Sunday, October 26, 2008

I helped kill 6 people

Before you call the cops - I also helped bring all 6 back to life.

Well, a couple months ago devices with circuits I helped design were implanted into the bodies of 6 people in New Zealand! Part of the implant procedure is putting the patient into ventricular fibrillation, which is reasonably close to death (the heart has stopped pumping blood through the body). Then the doctor checks to make sure the device brings the patient back (obviously with paddles near by in case the device doesn't do its job).

I think that between the two years of waiting for this to happen and not being at the company when it did made the whole thing somewhat anticlimactic for me. Although every once in a while it strikes me that there are six people out there with circuits I helped design in their bodies. And then I think, oh god I hope I didn't screw up! And I feel like I shouldn't claim too much credit in case something bad happens. Actually that is part of my lack of excitement - a lot of what I worked on and pushed for was making sure it would work reliably, which won't be known until lots of people have them for at least five years.

But my primary concern has disappointingly quickly shifted from people's safety to the value of my (trivially small number of) stock options. Well, at least the two are sufficiently linked that I don't have to feel too bad about it. At least I've avoided wishing someone would go into cardiac arrest so the device could save them.

For anyone wondering why New Zealand - my understanding is their version of FDA trials is basically to ask the company to pinky swear that their device won't hurt anyone (seriously I think the company just signs some ethics statement - sometimes the US FDA doesn't seem so bad).

Thursday, October 23, 2008

6 Seconds

At work I sometimes use a screen capture program to show results (it takes whatever is on the screen and saves it to an image file). I typically set it to do the capture 8 seconds after I push the go button. It takes me at least one second to then get everything set up how I want it. Then, very often, with at least one second to spare I think to myself - I'm bored. So I've now bounded my time to boredom as less than 6 seconds. I find this disturbing. I could get bored more than 2.5 times during a single scene of Robot Chicken. <Insert lame joke about ending this post due to boredom.>

Life on other planets will be a let down

I realized today that if we ever discover life on other planets, initially it will be a serious let down. There's not going to be a moment of serious excitement, but rather a very long series of small steps.

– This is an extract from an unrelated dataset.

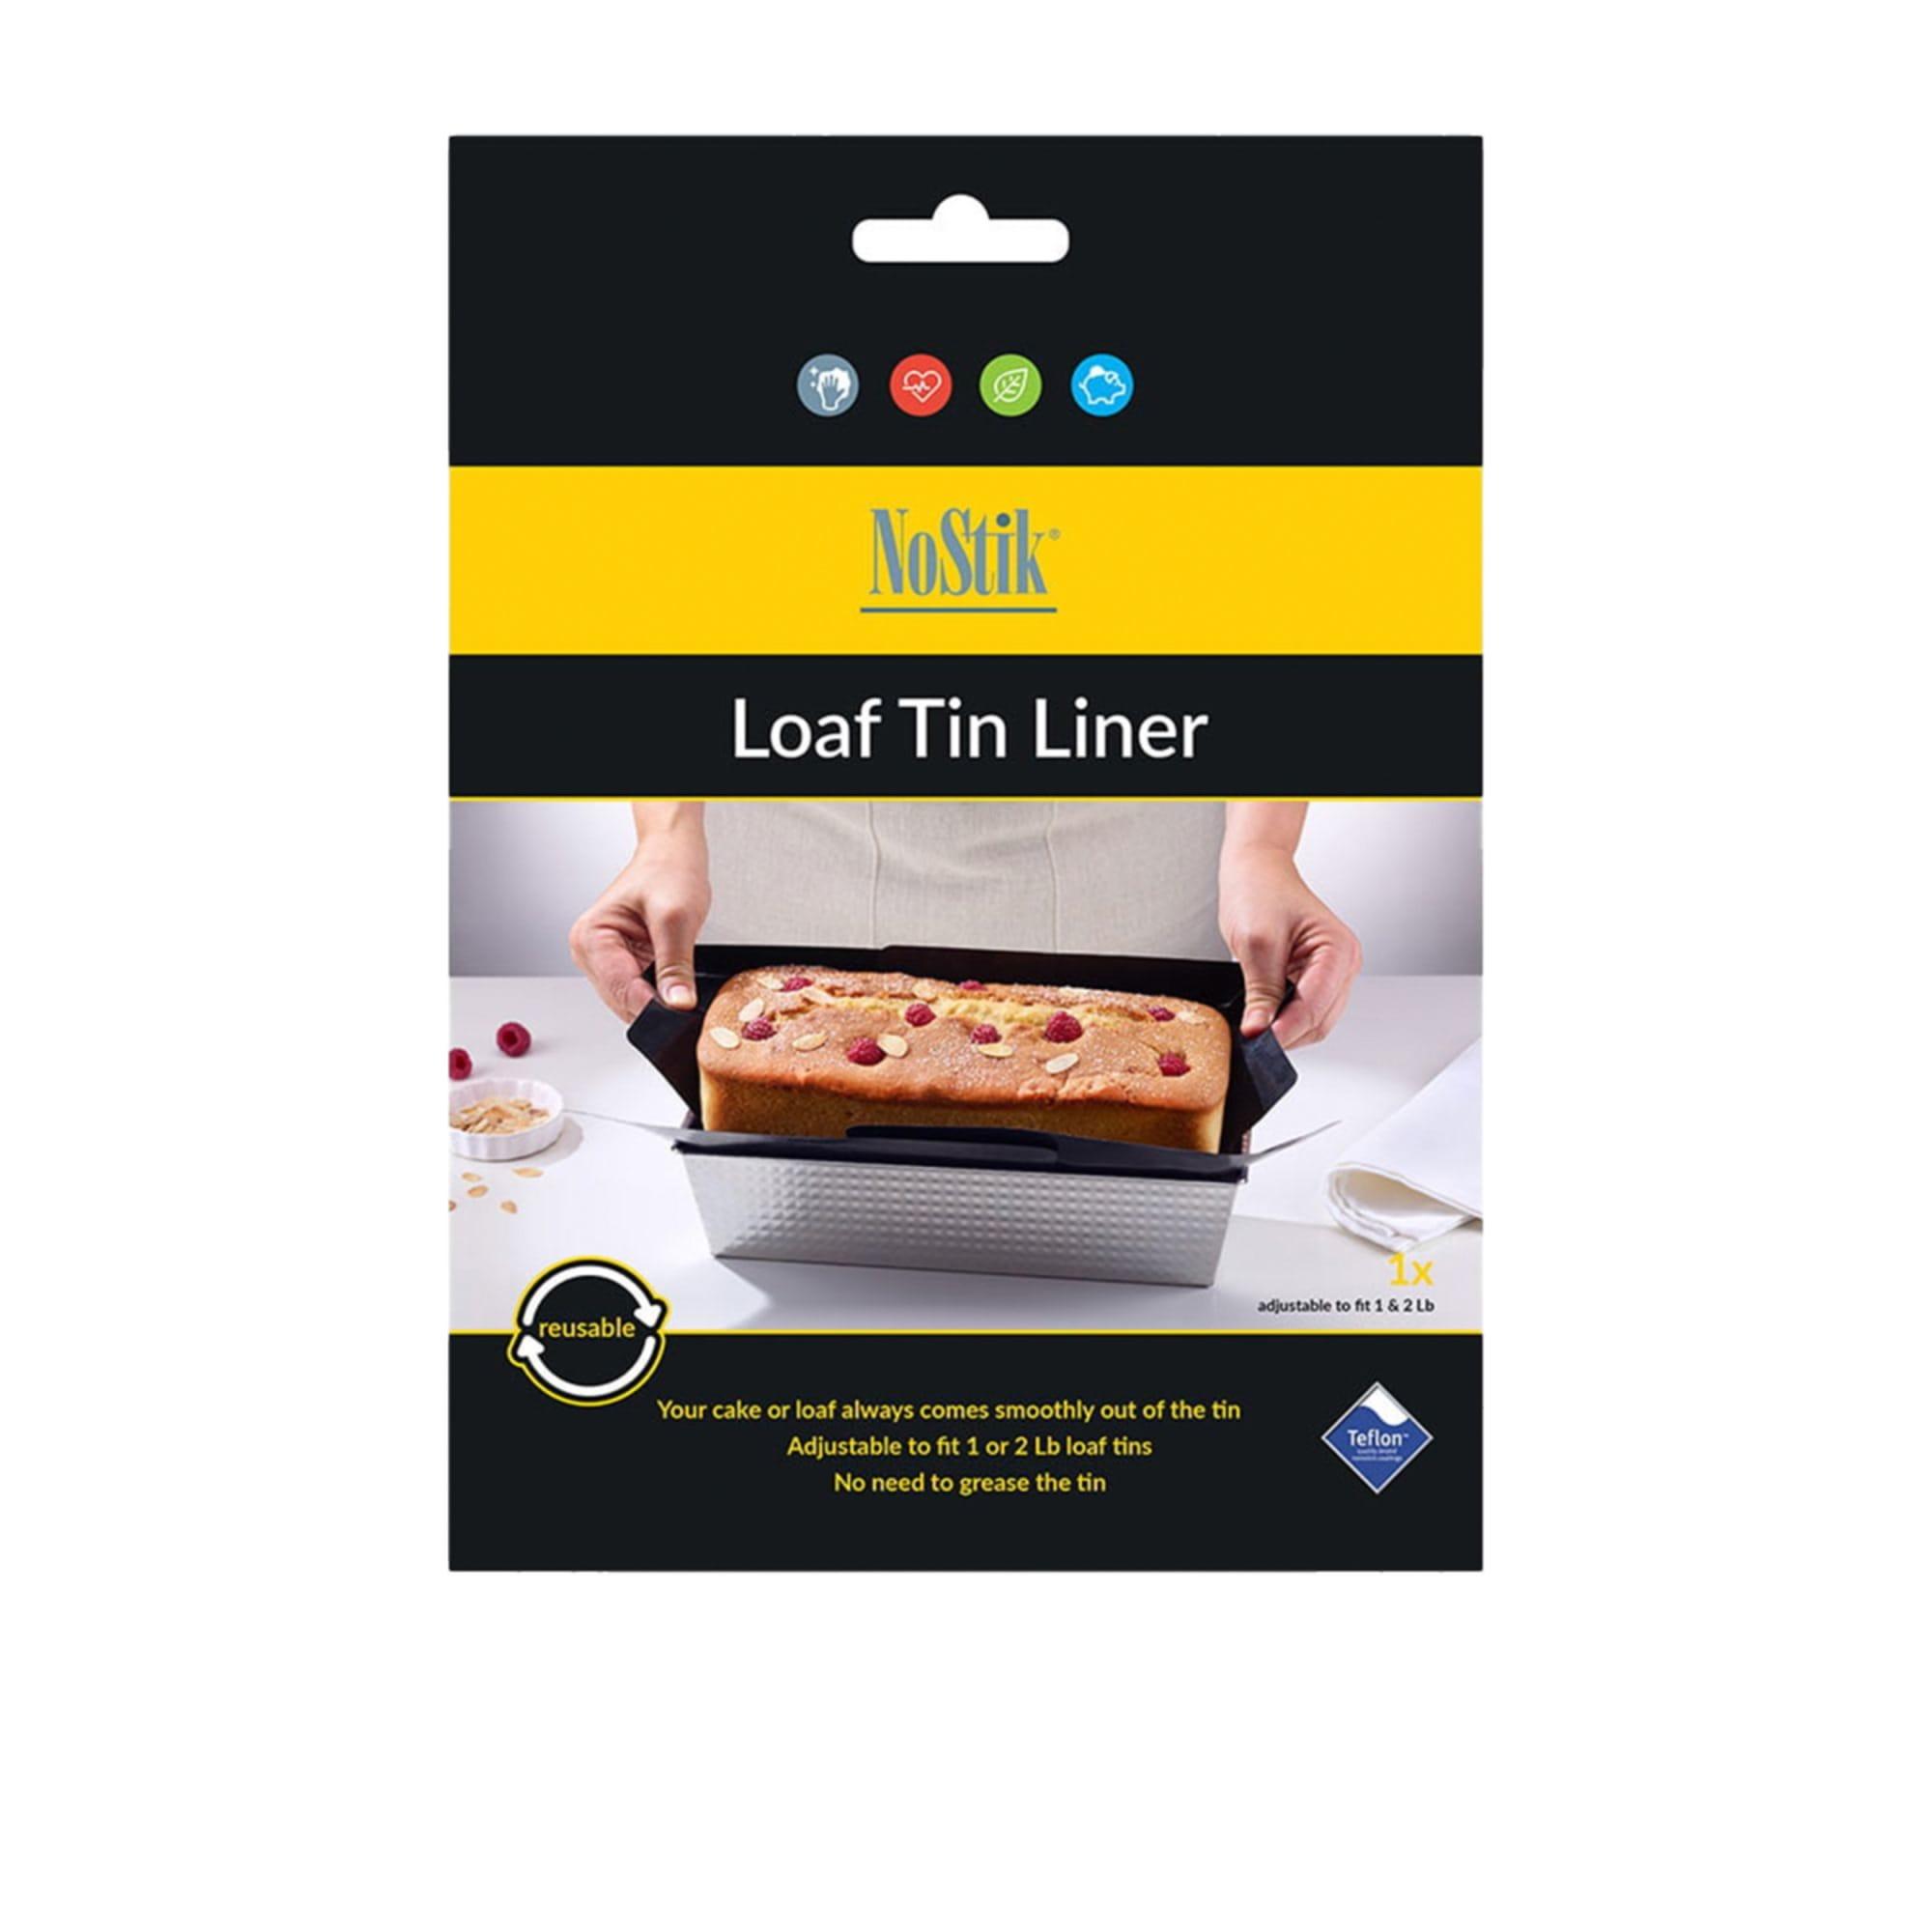 NoStik Loaf Tin Liner Image 1

The most likely way to find life on another planet is to find something like bacteria. Which to some scientists will be really exciting, but overall - whoo hoo - bacteria. Plus it will be really hard to prove that it didn't just get put there by coming in contact with the person or robot that found it. Heck there was that thing with the asteroid or whatever a long time ago and it was sorta big news for a while and now I can't even remember the story.

But let's say we actually discover intelligent life, which I think is what most people mean when they talk about discovering life. I think we've explored our solar system enough to know we're not going to find anything too interesting here. So one possibility is we'll get some questionable photo from a satellite which will then have to be followed up by another satellite that will take a really long time to get there. Once it gets there it could get exciting, but we're probably talking years if not decades. And that's probably just to get more pictures.

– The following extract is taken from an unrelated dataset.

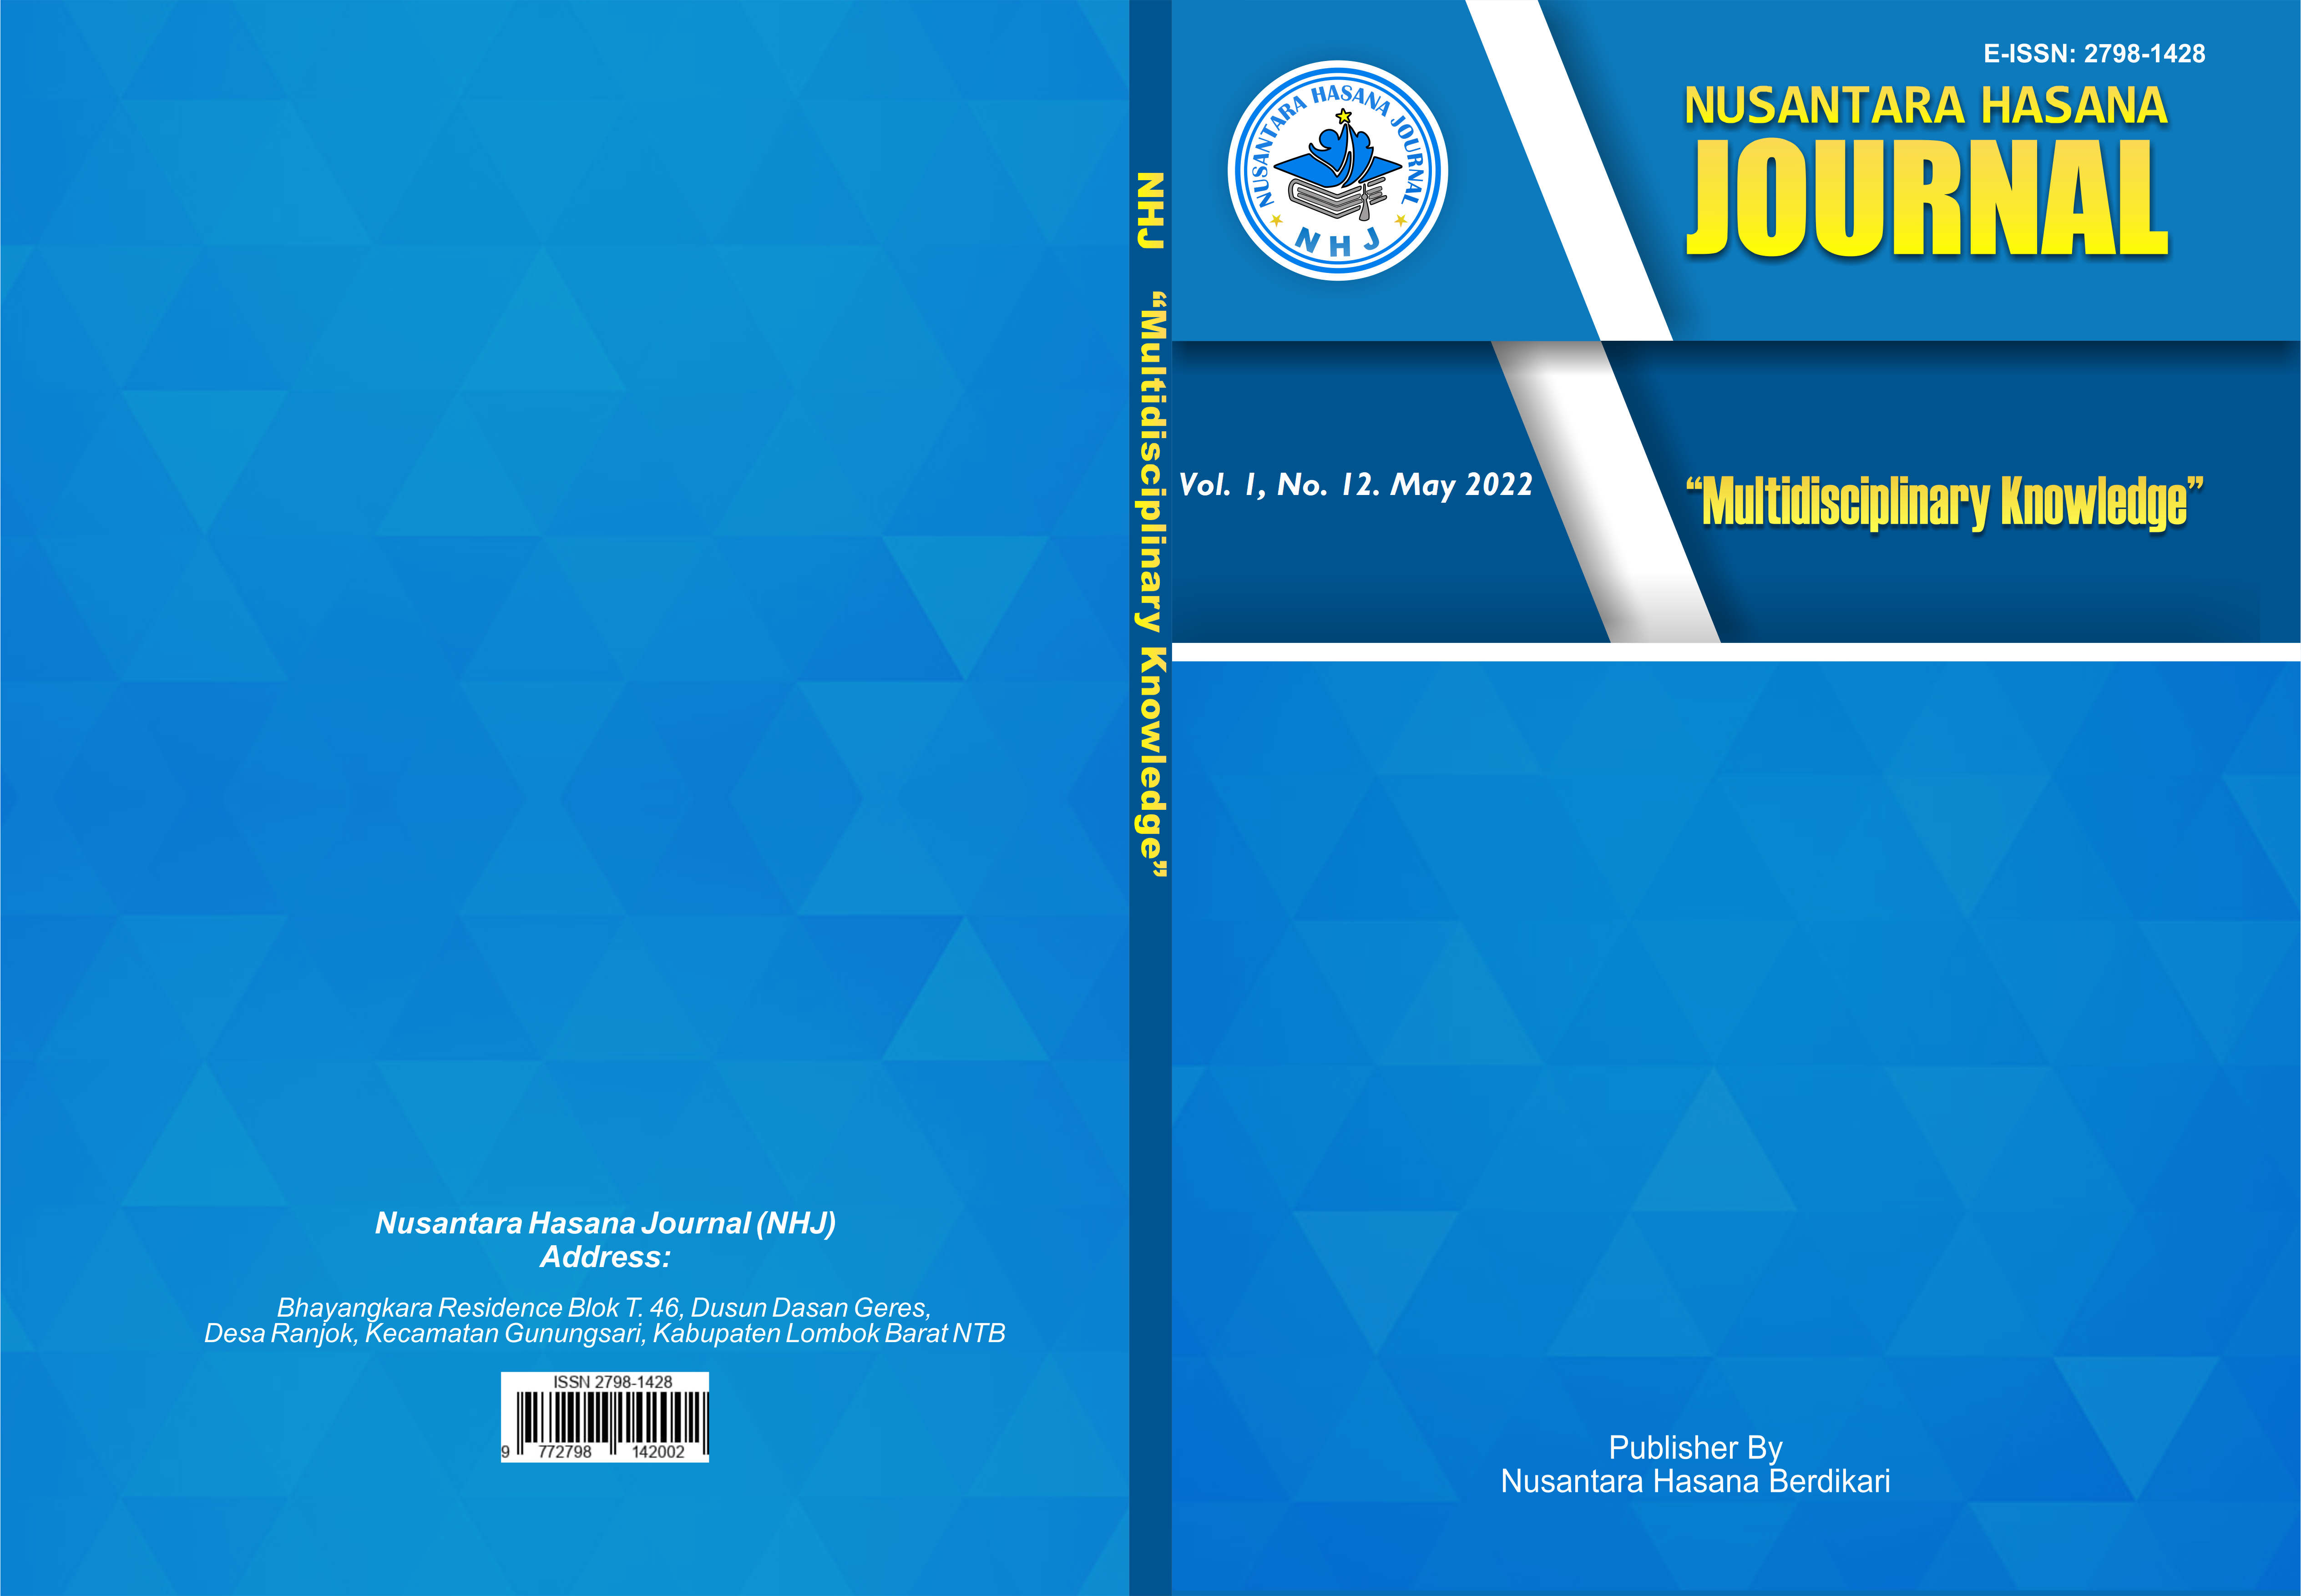 					View Vol. 1 No. 12 (2022): Nusantara Hasana Journal, May 2022

If the life we find is technologically advanced the other reasonably likely possibility is we would find a communication from them, may or may not be directed to us, long before we found them. Would probably be found by something like SETI. So we'd find an odd radiation pattern. Then over a long time it would be confirmed - have to make sure it was computed properly and check that it is persistent and not caused by human activity. Even if it said something interesting it would take a long time to figure out what it says. Or it could just be the spectrum from something like a power plant rather than a communication. Anyway, that's all years right there, then figuring out a way to send a signal and them catching on and so on would be a really long time. So maybe at some point regular communication could be set up which would be exciting, although travel to them would probably be decades if not centuries away.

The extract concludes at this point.